The term ambient has been used and abused a lot in recent years. The genre’s resurgence throughout the 2010s was largely driven by streaming platforms that used it as playlist slop with the vague promise of deceleration in accelerated times. This came fully to fruition when everything came to a grinding halt in 2020, since people turned quiet music louder in order to mask the deafening silence of a world in standstill. »El Sol de los Muertos,« the third solo album by Concepción Huerta and her second for Umor Rex, serves as a stark reminder that the best kind of ambient music subverts this wellness and mindfulness paradigm.

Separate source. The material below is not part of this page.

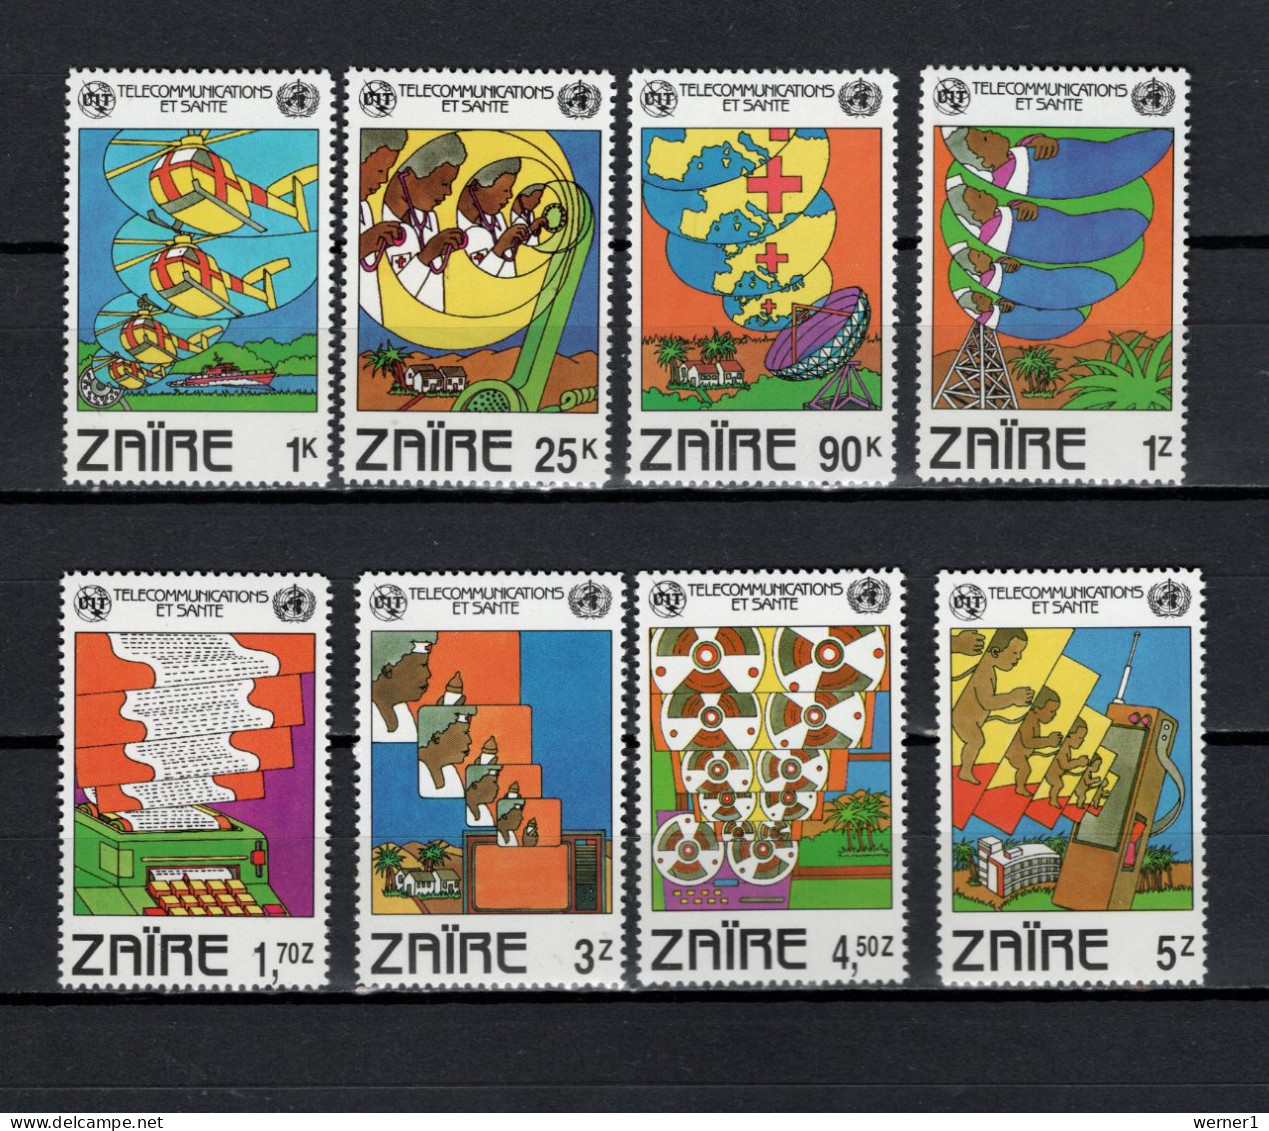 Congo - Zaire 1982 Space, Telecommunication Set Of 8 MNH - Africa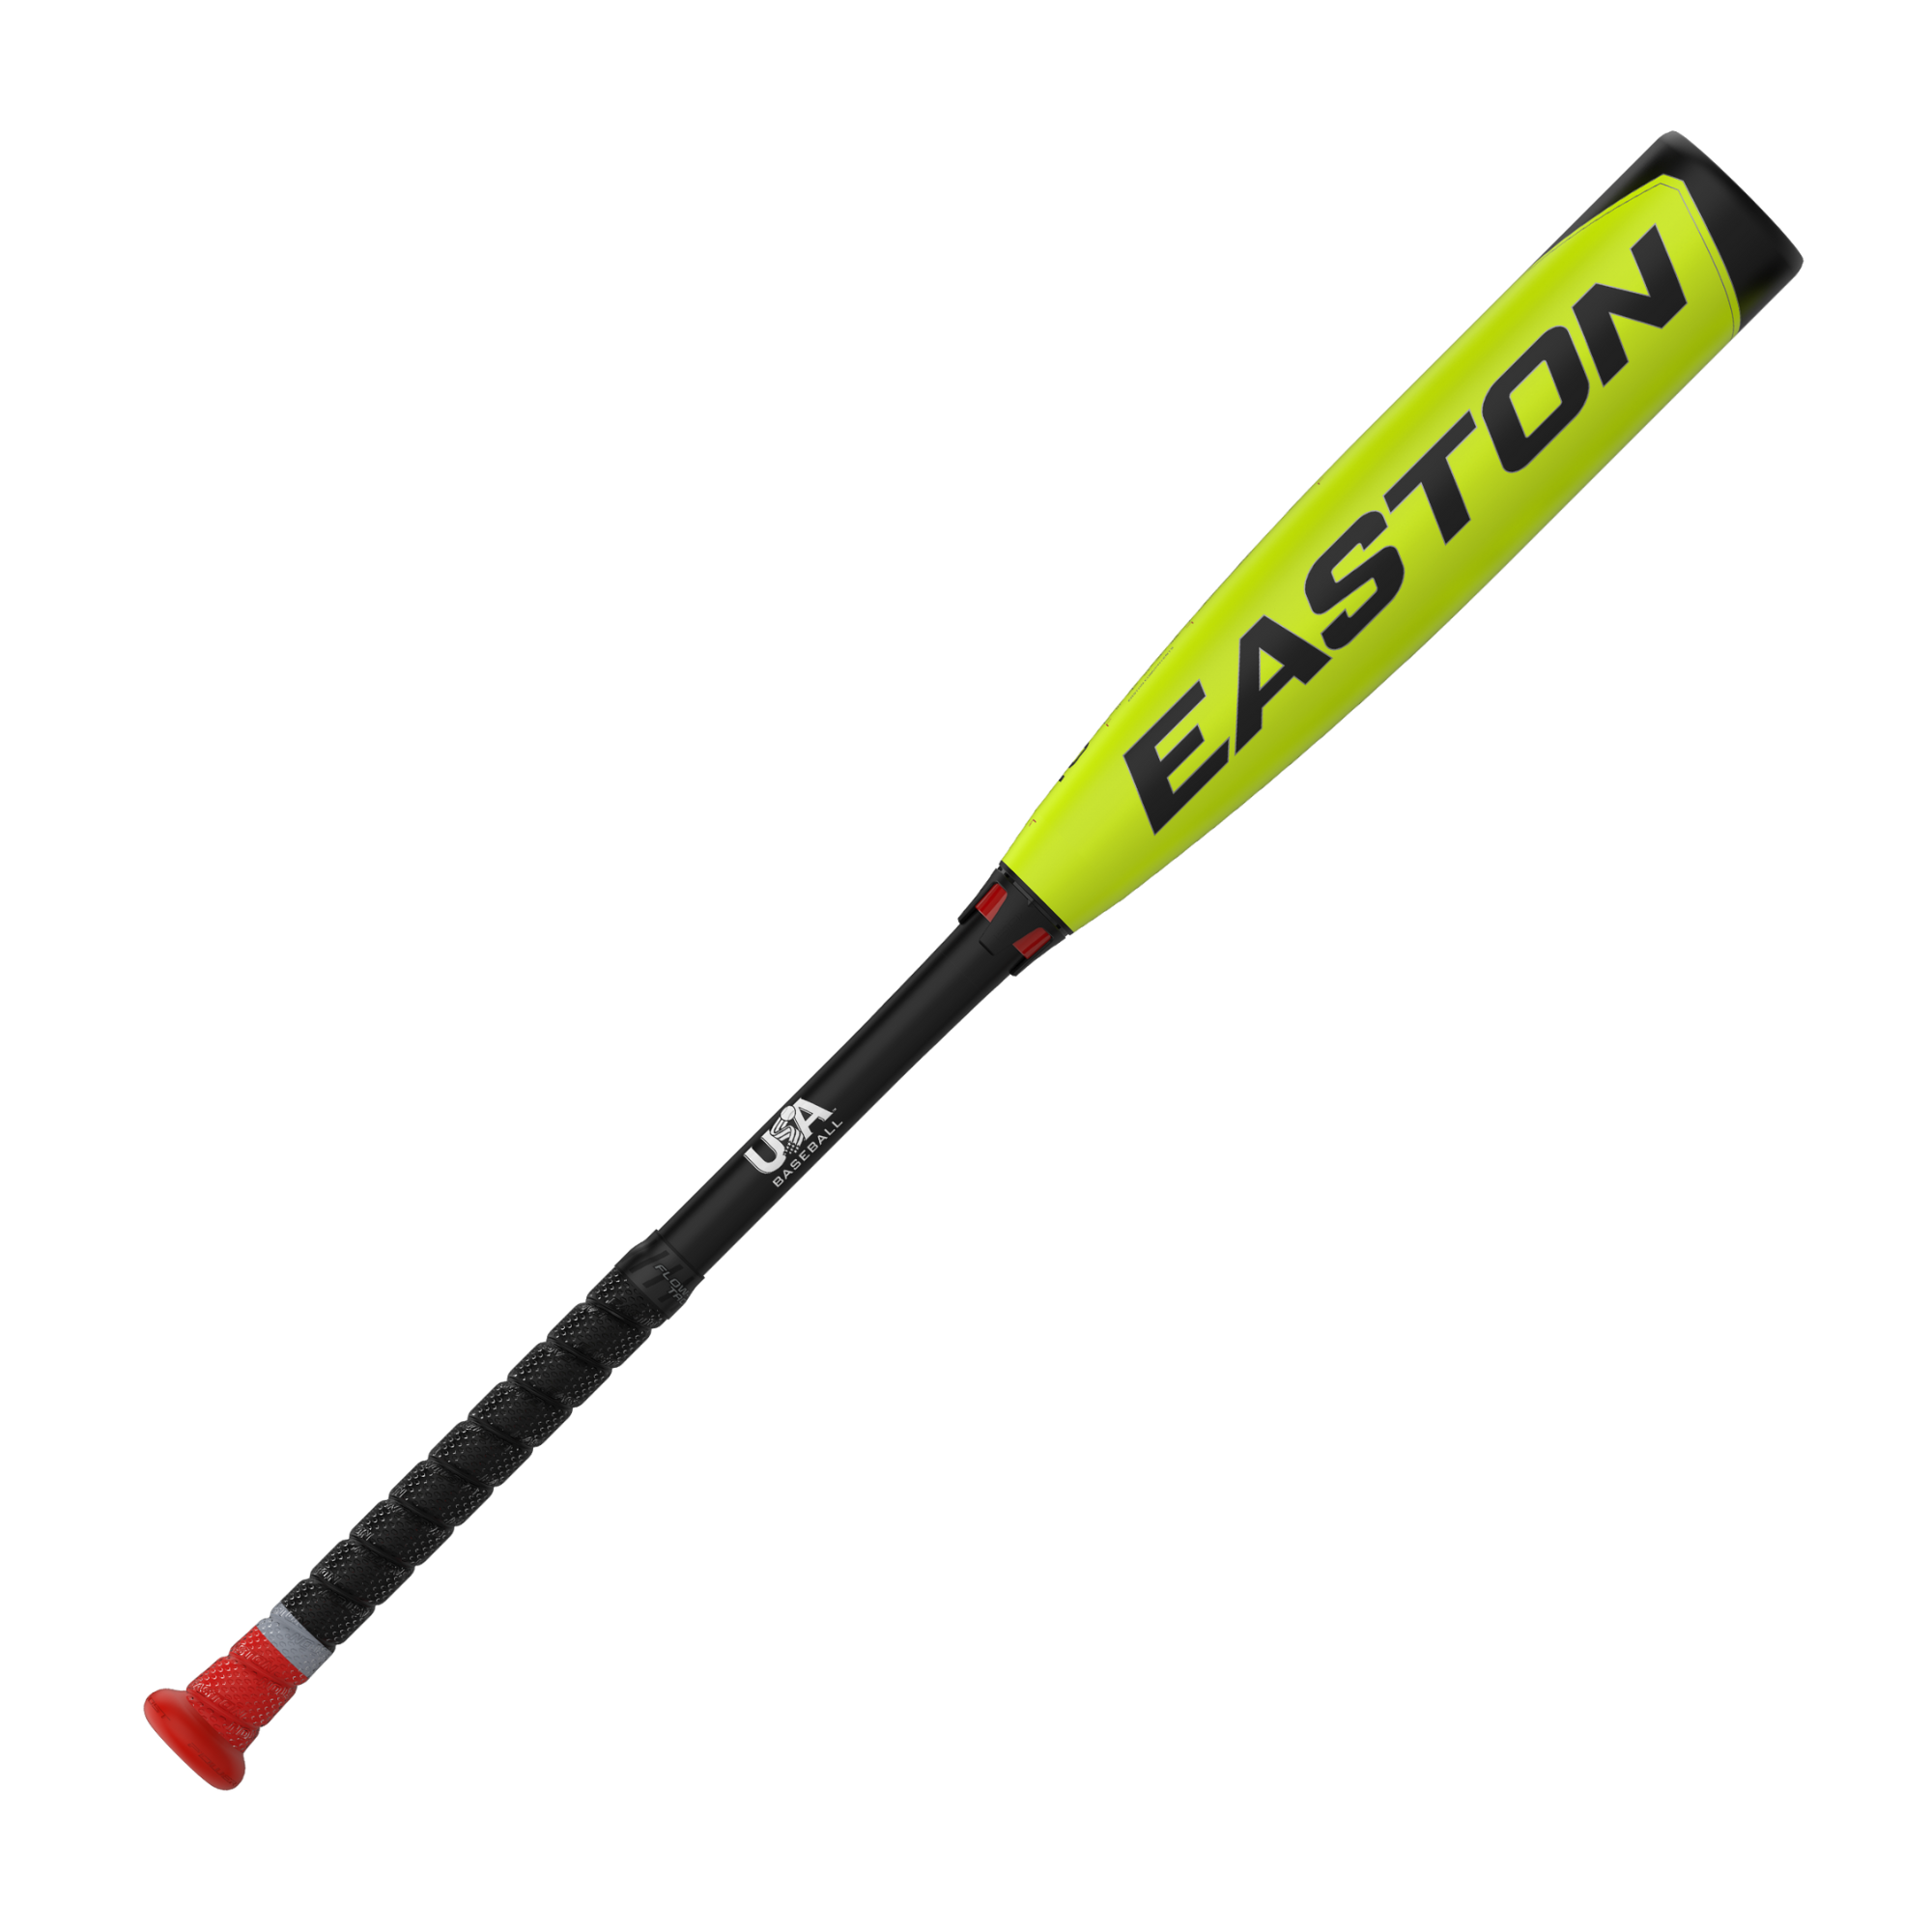 Easton ADV 360 -11 (2 5/8" Barrel) USA Youth Baseball Bat

Over the course of six pieces, the Mexican composer and sound artist follows an approach reminiscent of Tim Hecker’s most gripping work, though she flips it upside down: Instead of drowning her minimalist, repetitive compositions—this music bears a certain kinship to William Basinski’s oeuvre—in noise, she buries eerie sounds deep in the mix, presenting her audience with music that on the surface sounds gentle and beautiful, but with each repeated, intent listen becomes more and more abysmal: under the melancholy, a pervasive sense of dread.
This, then, is ambient as something unheimlich, almost hauntological—the sound of suppressed violence, both ecological and political, as the sleeve notes by her label point out. »El Sol de los Muertos« serves as a stark reminder that Brian Eno’s definition of ambient as something that is »as ignorable as it is interesting« has always undersold the potential of this music. What Concepción Huerta achieves with these six masterful exercises in uncanny sound design reminds the world that it can be so much more if you really choose to listen. No easy feat to pull off, though she certainly makes it sound like it.